# Bengal Tiger Animal Skin Pen Blank acrylics



## bobs pens 1 (Mar 1, 2013)

http://www.pennstateind.com/store/WXEEAS4.html

These exotic Bengal Tiger Animal Skin Pen Blank acrylics are expertly designed and crafted by distinguished European manufacturers and are ideal for animal lovers or hunters. Your finished pens will surely impress and delight any gift recipient. A note about our pen blank "bars": because of the manufacturing process, these blanks are not in a traditional pen blank form but in a 1-3/8" x 4-1/2" x 3/4" bar. Consequently, you can get from 1 pen blank (for larger sized pens) to 4 pen blanks (for single tube pens). Careful cutting and quartering is necessary to maximize the utility of these bars.

I like this color pattern but as a beginner I have had problems with this material breaking on me during the drilling process and turning.
My question to you is there another color pattern by another company in a standard size 3/4x 3/4 inch size I could try. The people who are fans of Auburn University love this color pattern and want this pen blank on thier pens. Many schools who have Tigers as their mascot would also like my old High School.
I cut the blank in half with a band saw and the drilled a 7 mm hole for the last pen set out of the four blanks two broke or cracked. The first blank I made a very nice Wall Street II pen and its making the circuit getting me future orders.
I have even thought of just cutting it 3/4 inches and try to get two Wall Street IIs out of it and just through away the other pieces.
Your remarks would be appreciated on this material. Bob a new beginner in the hobby from South Alabama.


----------



## plantman (Mar 1, 2013)

Bob; I have used this blank and I think it will serve the purpose you want to use it for. Drill slowly, back the drill out every 1/2 inch, use sharp tools. Let the blank sit a few minutes before gluing the tube in until it cools. Heat is your enemy on acrylics. The blank looks realy nice when MM to 12,000 and than ploished wth plastic polish. I use One-Step Plastic Polish, but any good auto polish will work fine.  Jim  S


----------



## t001xa22 (Mar 1, 2013)

Bob, I agree with Jim; his advice is spot-on. I offer an example of a Sierra I did a while back. I followed the steps that Jim outlined and did not have a big problem with the material. My problem was that I did not have a thin-bladed saw (bandsaw), so my table saw kerf-cut took away some valuable thickness initially. I did have enough left over, though, for slimline applications.

Bill


----------



## Justturnin (Mar 1, 2013)

When drilling I use a spray bottle of water and keep the inside of the acrylic wet while drilling.  It acts as a lube and a coolant.


----------



## Dakcrew (Mar 1, 2013)

Justturnin said:


> When drilling I use a spray bottle of water and keep the inside of the acrylic wet while drilling.  It acts as a lube and a coolant.

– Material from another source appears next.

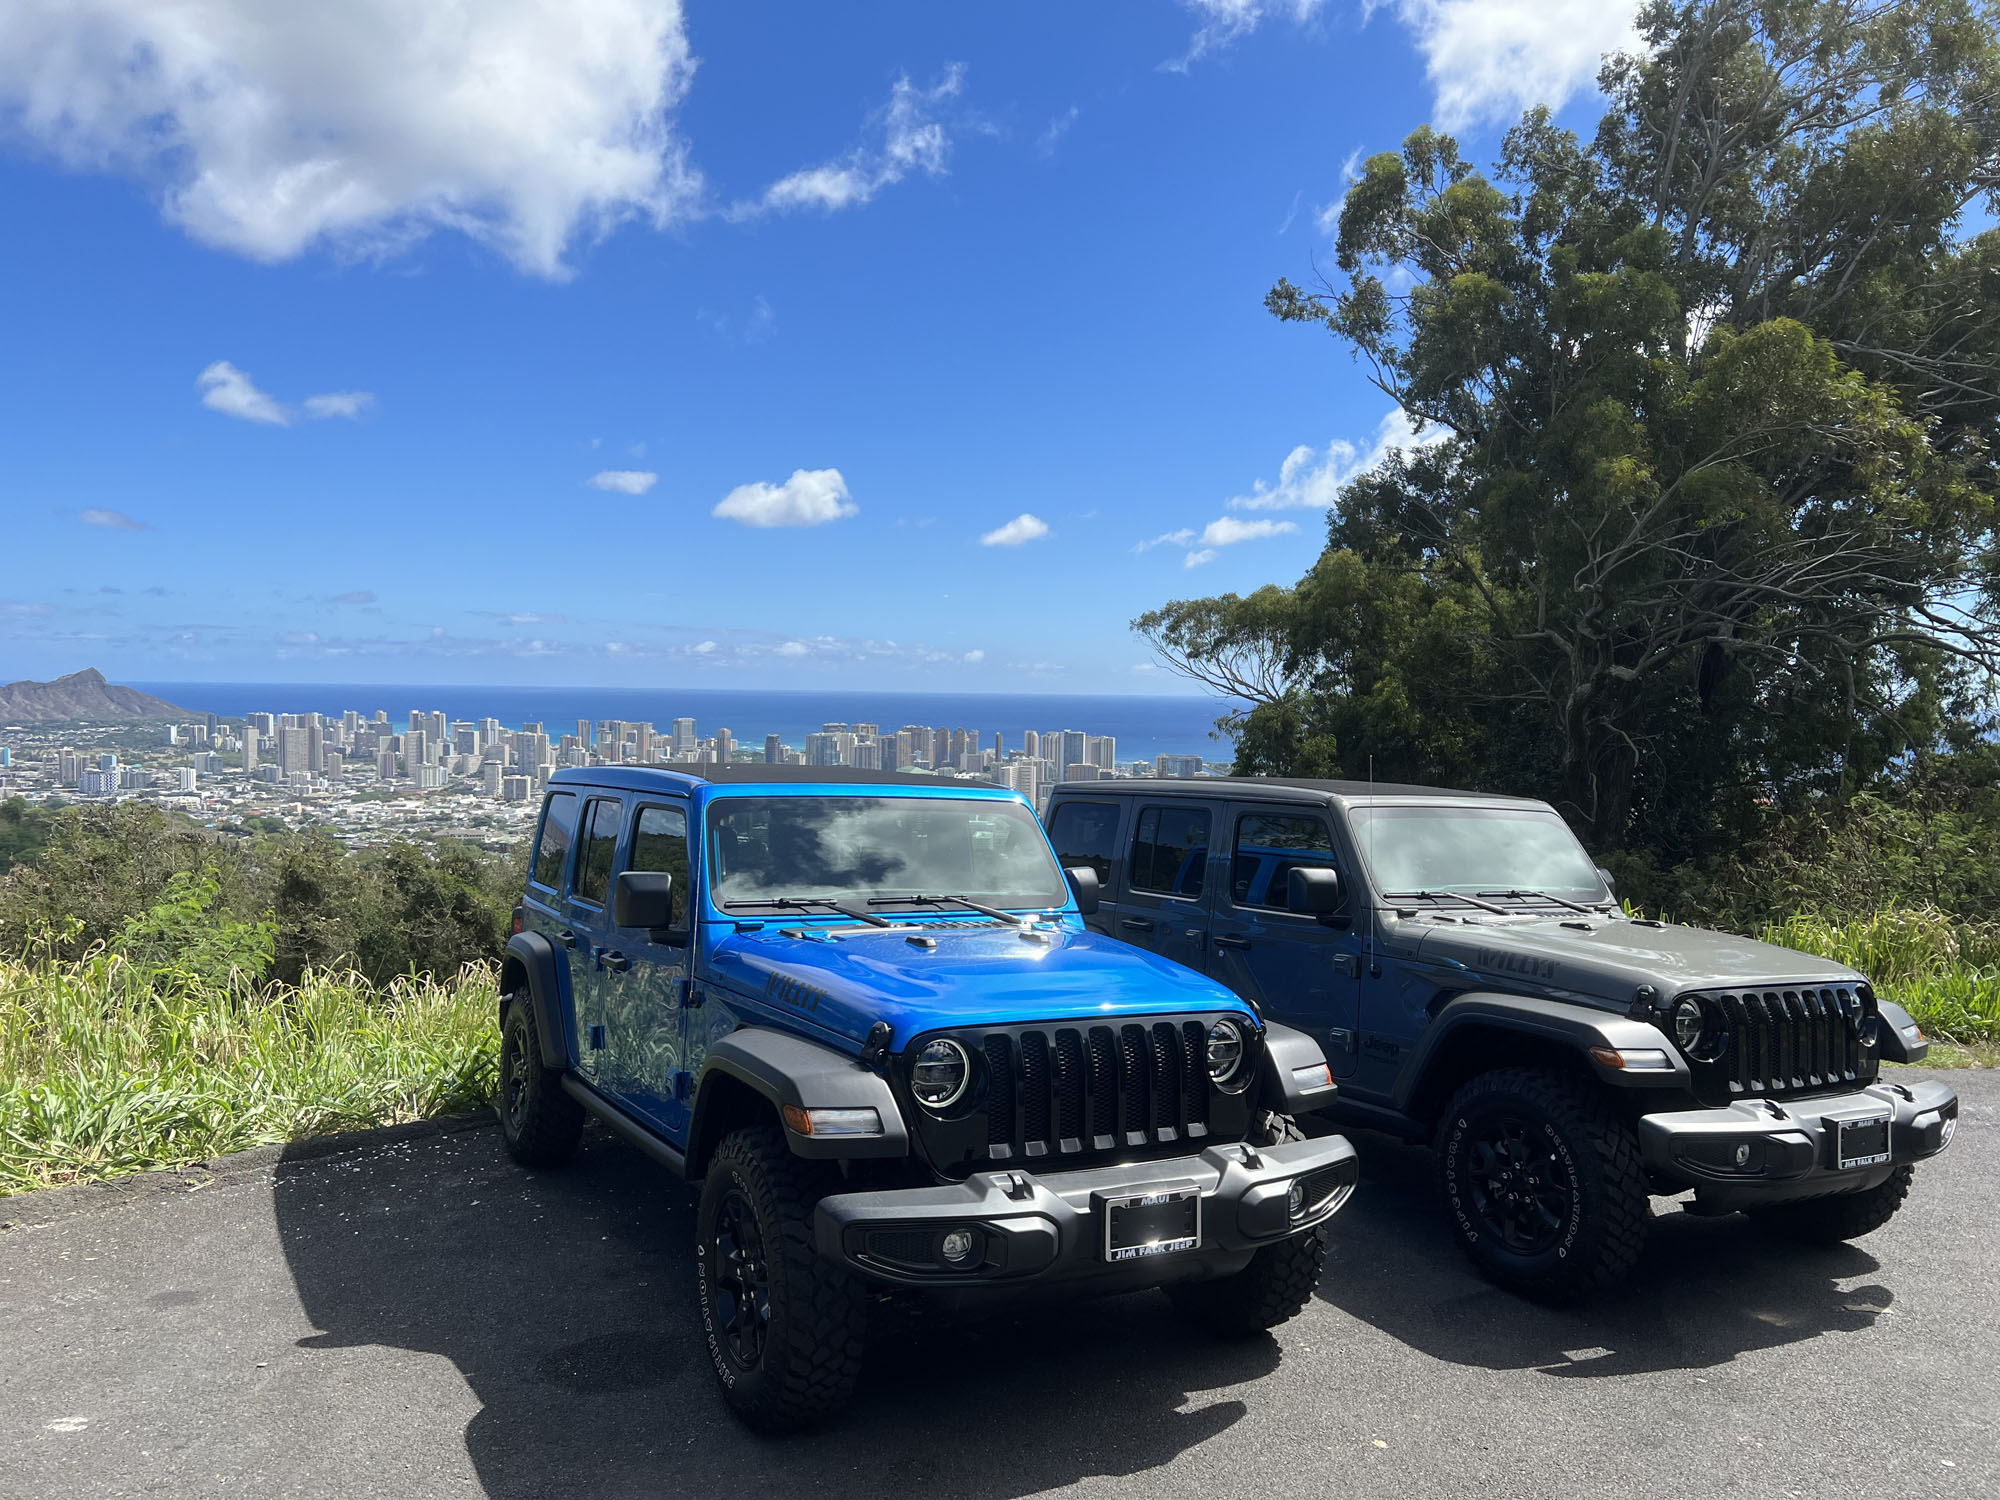 Should We Rent Jeep Or Convertible In Honolulu
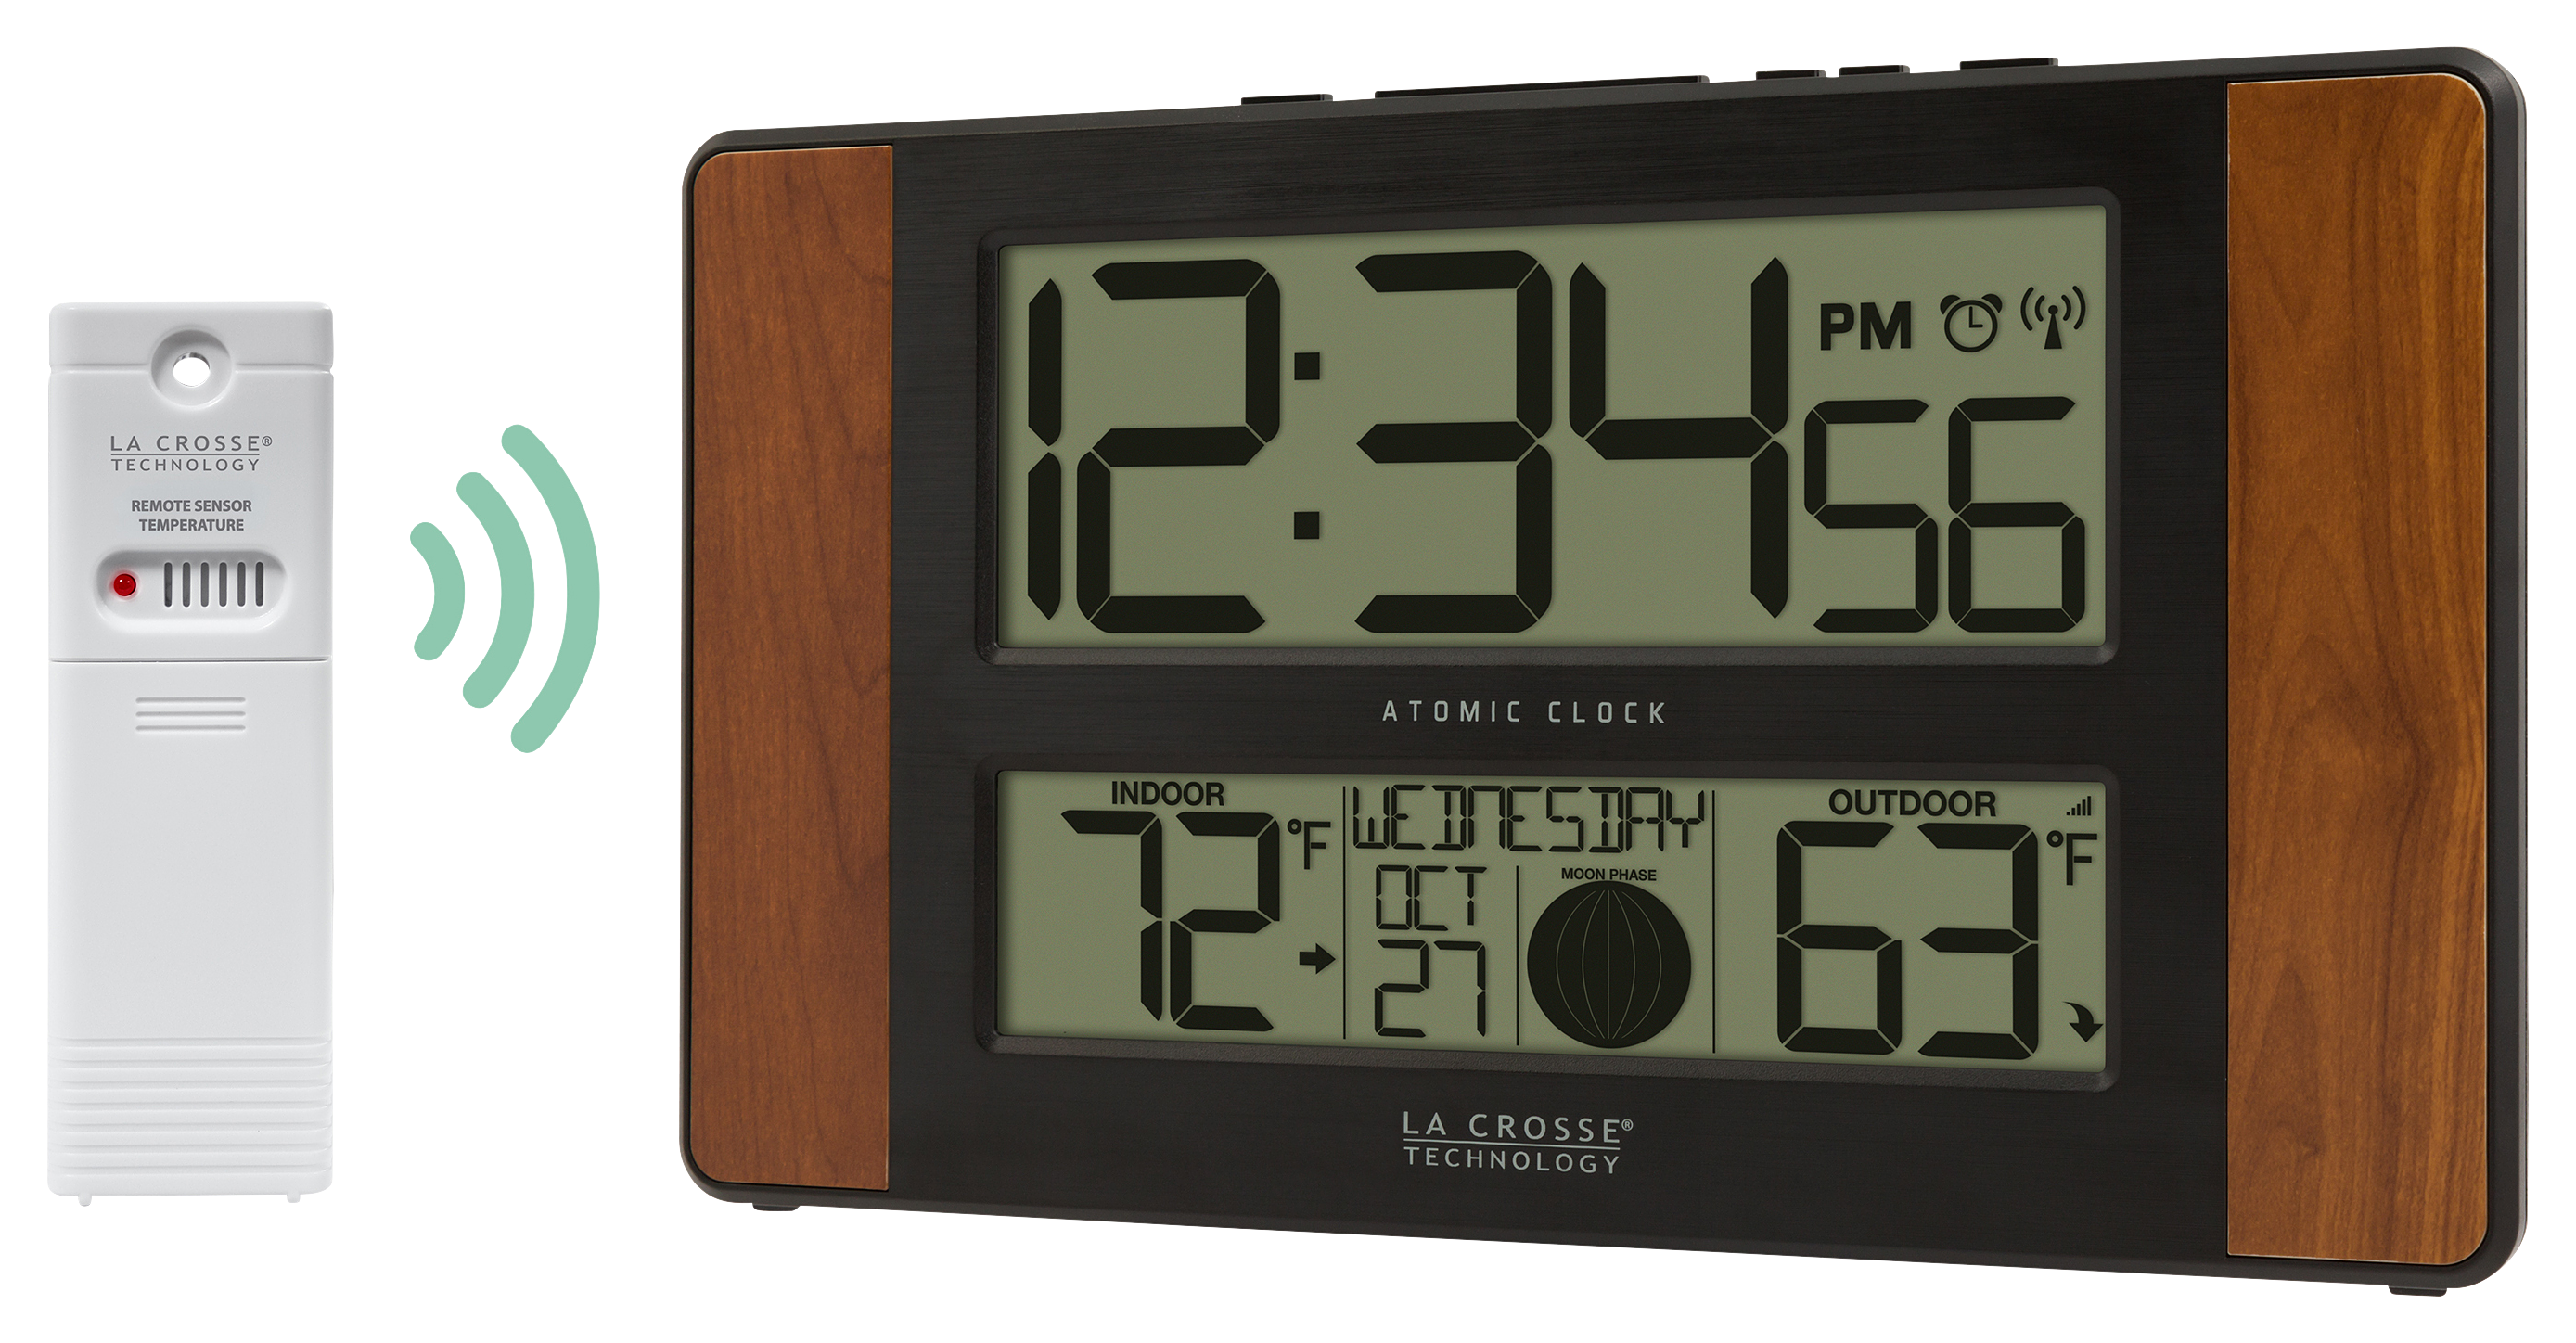 La Crosse Atomic Digital Clock with Temperature and Moon Phase

this is great idea! hadn't thought of this yet. this is why it is great here on the board....

Also another thing to remember is to have some throw away material (old flat plywood or similar) on the bottom of the vise that the blank rests in while drilling. this will help prevent blowout on the bottom end. And remember SHARP bits and tools are your friend.

this should look sharp when finished, have fun.


----------



## t001xa22 (Mar 1, 2013)

As an addition to Chris's comments about the water spray being used as a lubricant and cooler, I can say that during the hotter summer months, when my shop gets a little hotter internally, I add some crushed ice to my water spray bottle. For working sensitive materials like acetates and ebonites, this really helps preserve the materials even better. Just my $.02 worth.

Bill


----------



## bobs pens 1 (Mar 2, 2013)

Thank you for the comments. I was reading Barry Gros book last night and he used a spray lub when doing this. I thought about using water to help cool the hole and the blank when I was drilling it the other night.

They do make a pretty pen. Just wished there where more sources to order the Bengal Tiger blank or different methods of making it.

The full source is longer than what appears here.